Kansas City, Missouri, (/AA-/AA-/) is set to price Wednesday $274.7 million of special obligation bonds, consisting of $35.175 million of tax-exempt Series 2025B bonds, serials 2026-2055; $128.315 million of tax-exempt Series 2025C bonds, serials 2026-2040; and $111.21 million of taxable Series 2025 bonds, serials 2026-2027, 2035-2040. Stifel.

Austin, Texas, (A1/A+//AA-/) is set to price Wednesday $228.18 million of AMT airport system revenue refunding bonds, serials 2026-2044. Siebert Williams Shank.

Rochester, Minnesota, (Aa2/AA//) is set to price Wednesday on behalf of the Mayo Clinic $189.28 million of health care facilities revenue bonds, consisting of $97.915 million of Series 2025A, terms 2050, 2053, and $91.365 million of Series 2025B, term 2055. BofA Securities.

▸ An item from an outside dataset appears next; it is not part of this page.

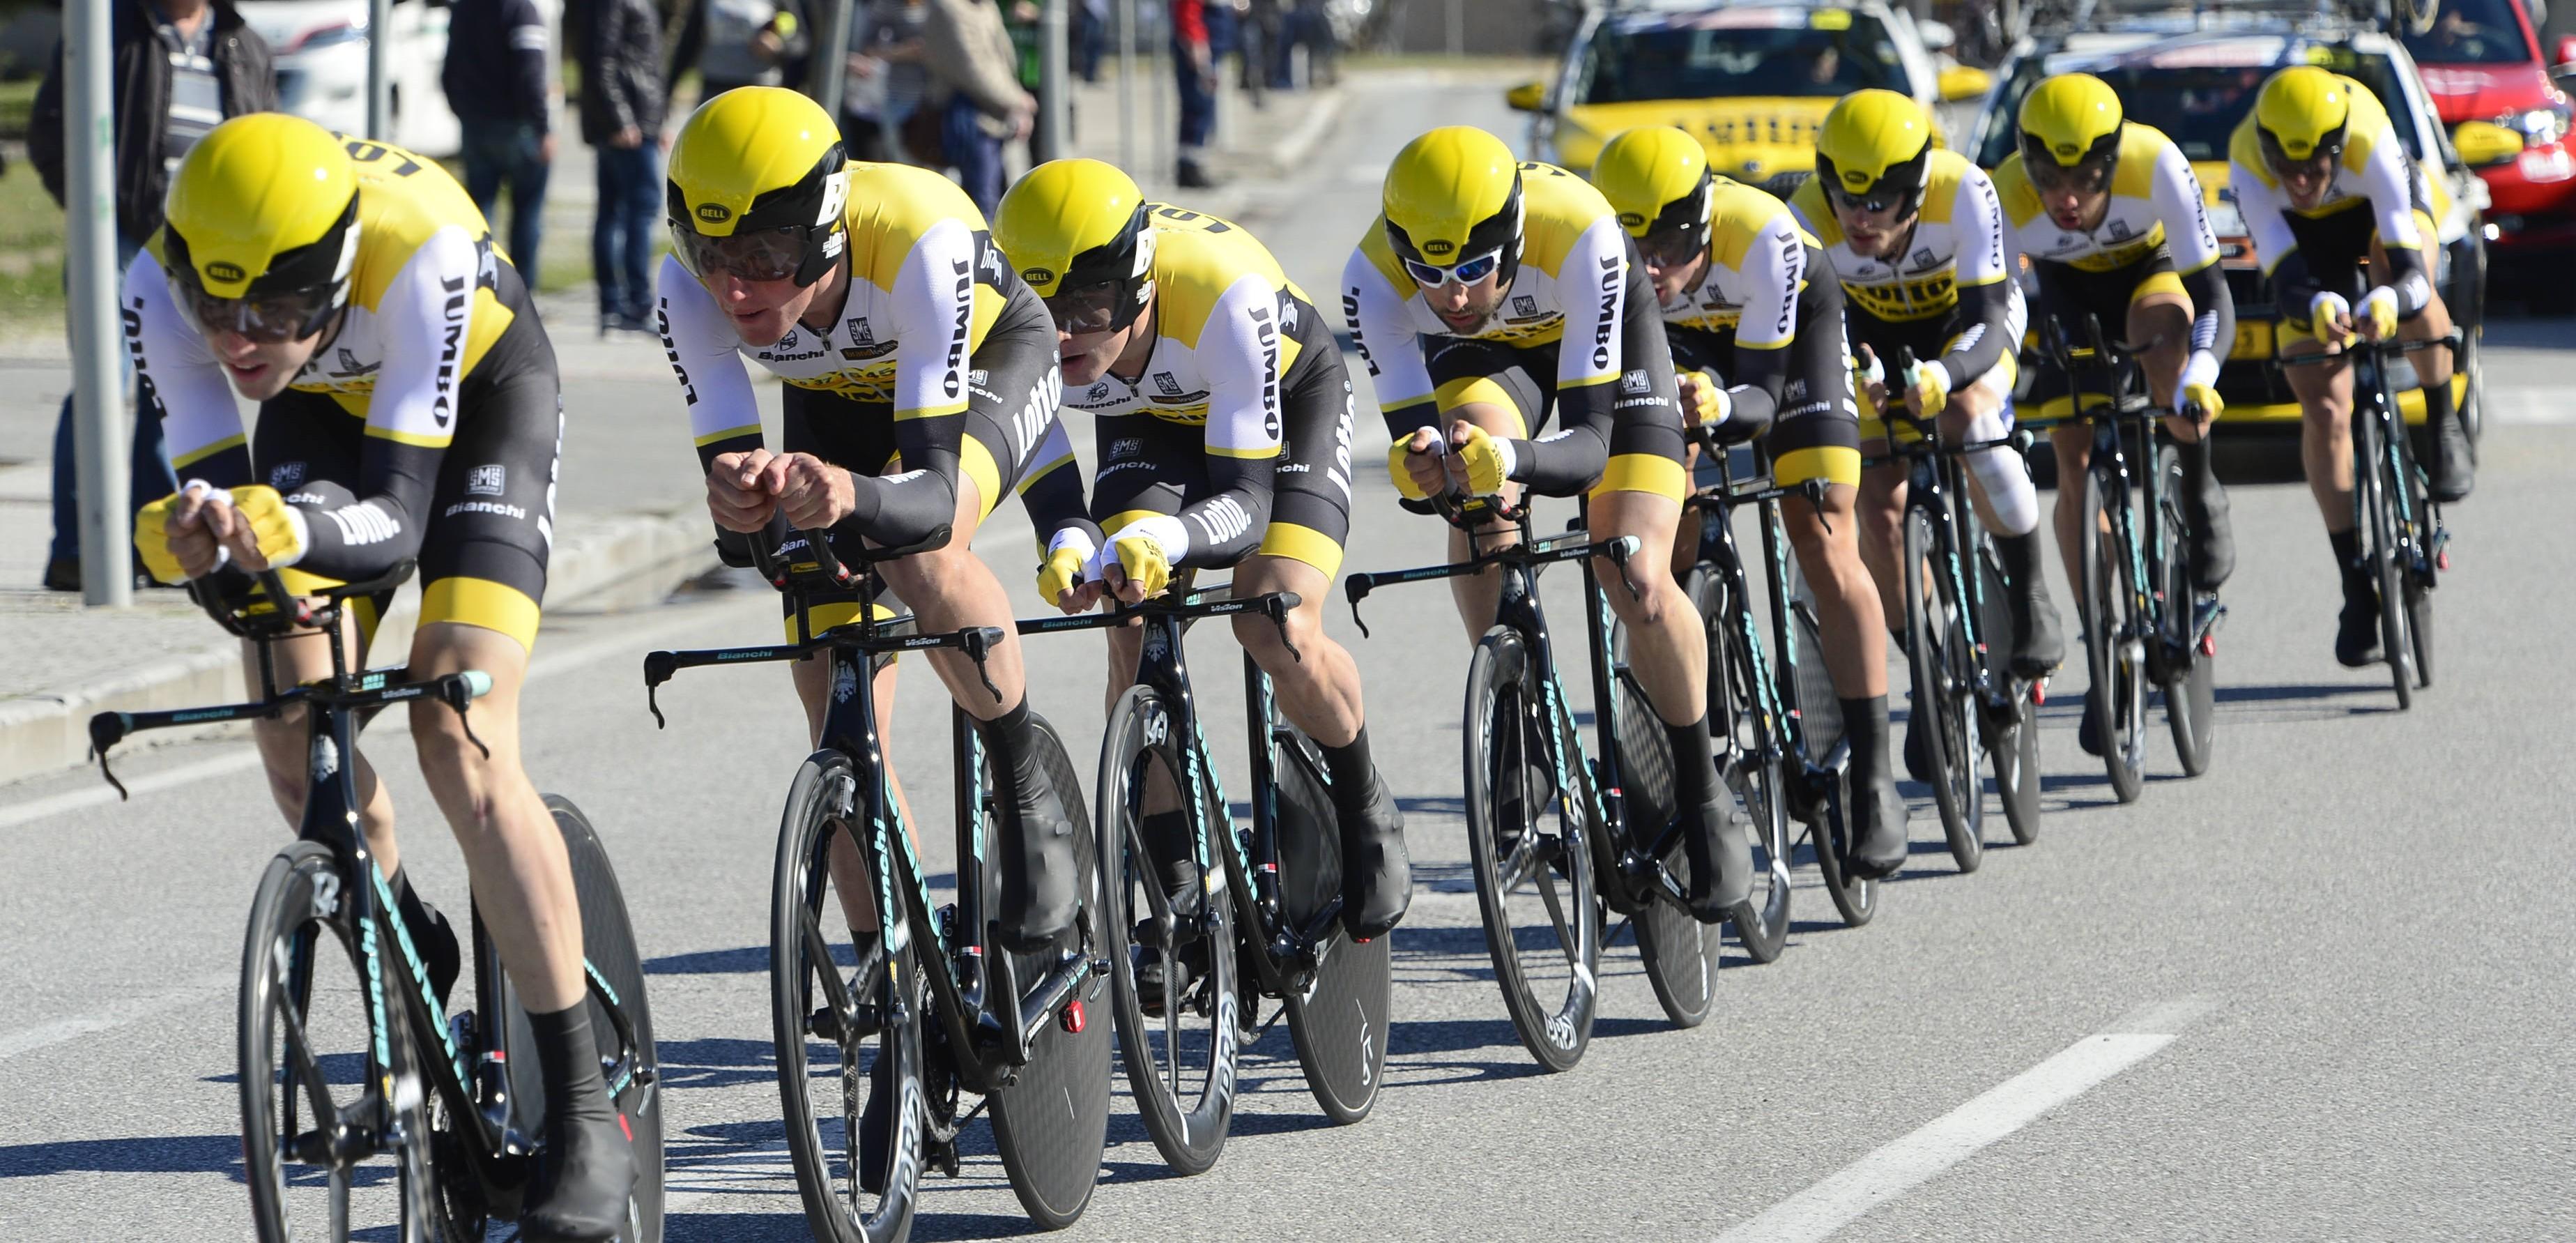 09-03-2016 Tirreno - Adriatico; Tappa 01 Lido Di Camaiore - Lido Di Camaiore; 2016, Lotto Nl - Jumbo; Lido Di Camaiore;
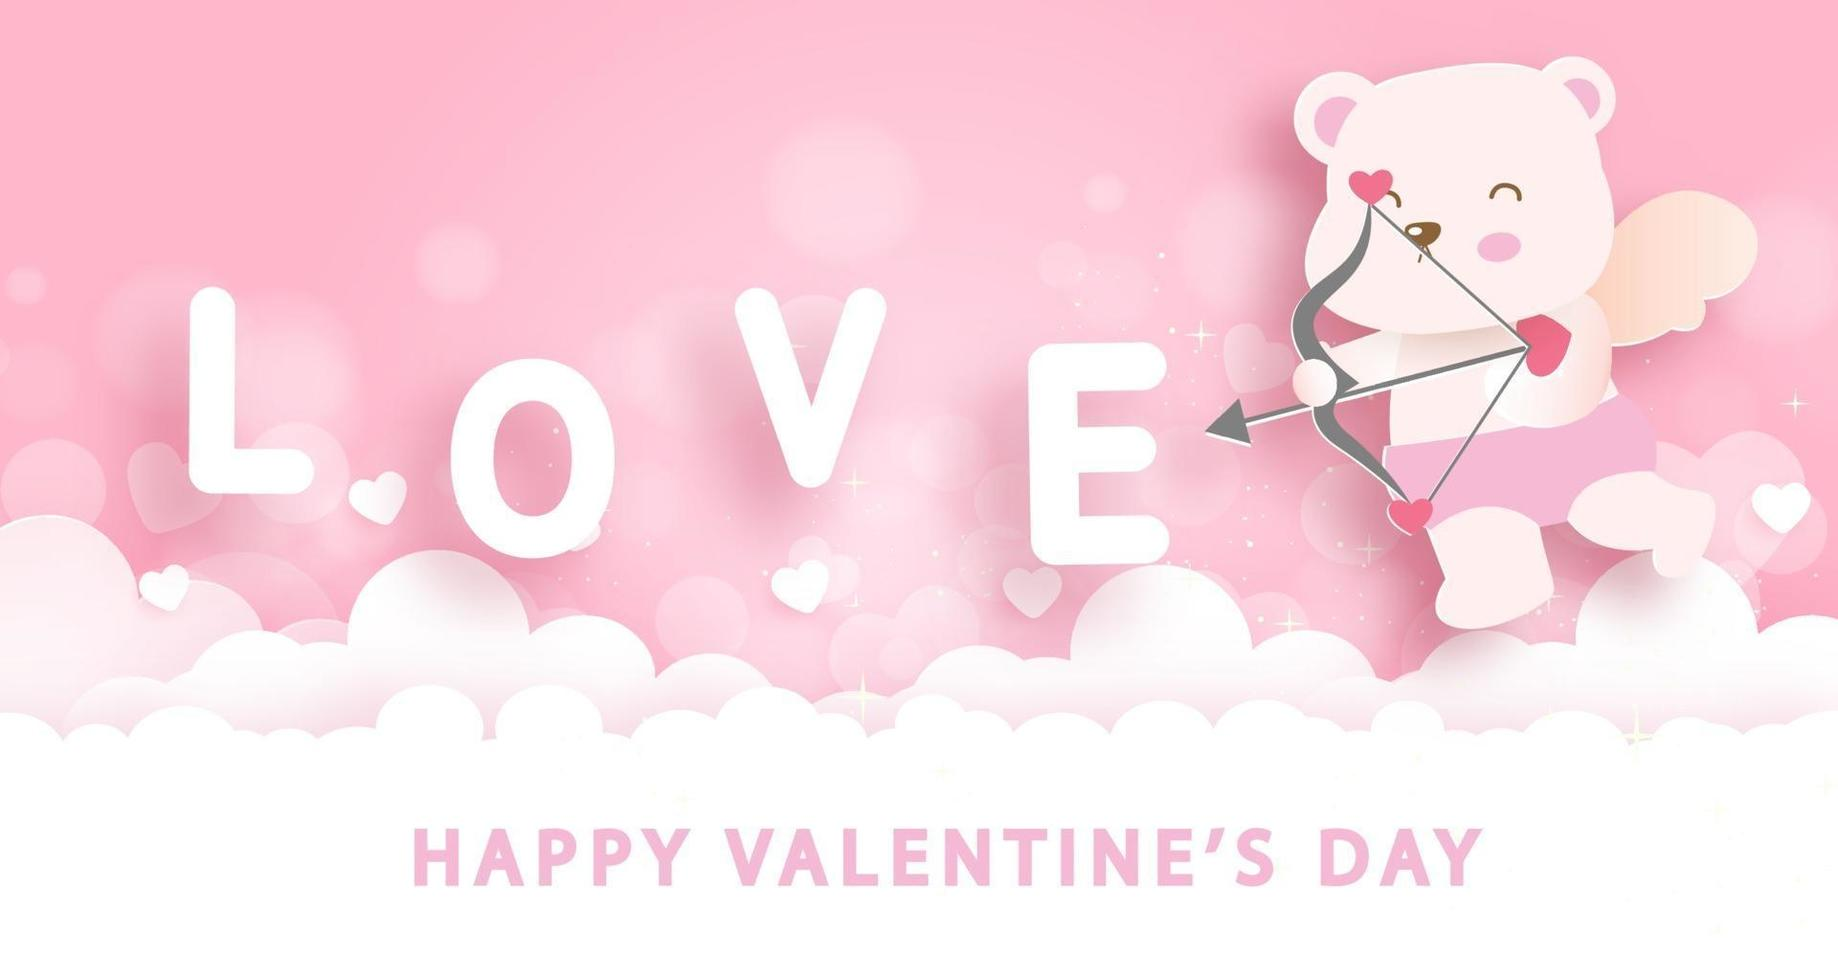 Alla hjärtans gratulationskort med söt amor. vektor

Cleveland, Ohio, (A2/A/A-/) is set to price Wednesday $125.525 million of non-AMT airport system revenue bonds, Series 2025A, serials 2026-2033.

The Matanuska-Susitna Borough, Alaska, (/AA+/AA+/) is set to price Wednesday $110.36 million of GOs, consisting of $31.97 million of school bonds, Series A; $47.815 million of school refunding bonds, Series B; $10.295 million of transportation system refunding bonds, Series C; and $20.28 million of taxable transportation system bonds, Series D. RBC Capital Markets.

The Agua Fria Union High School District No. 216, Arizona, (Aa1///) is set to price Thursday $100 million of school improvement bonds, projects of 2023 and 2024. Stifel.

Competitive
The Gwinnett County School District, Georgia, (Aaa/AAA//) is set to sell $332.67 million of GO refunding bonds at 11 a.m. Thursday.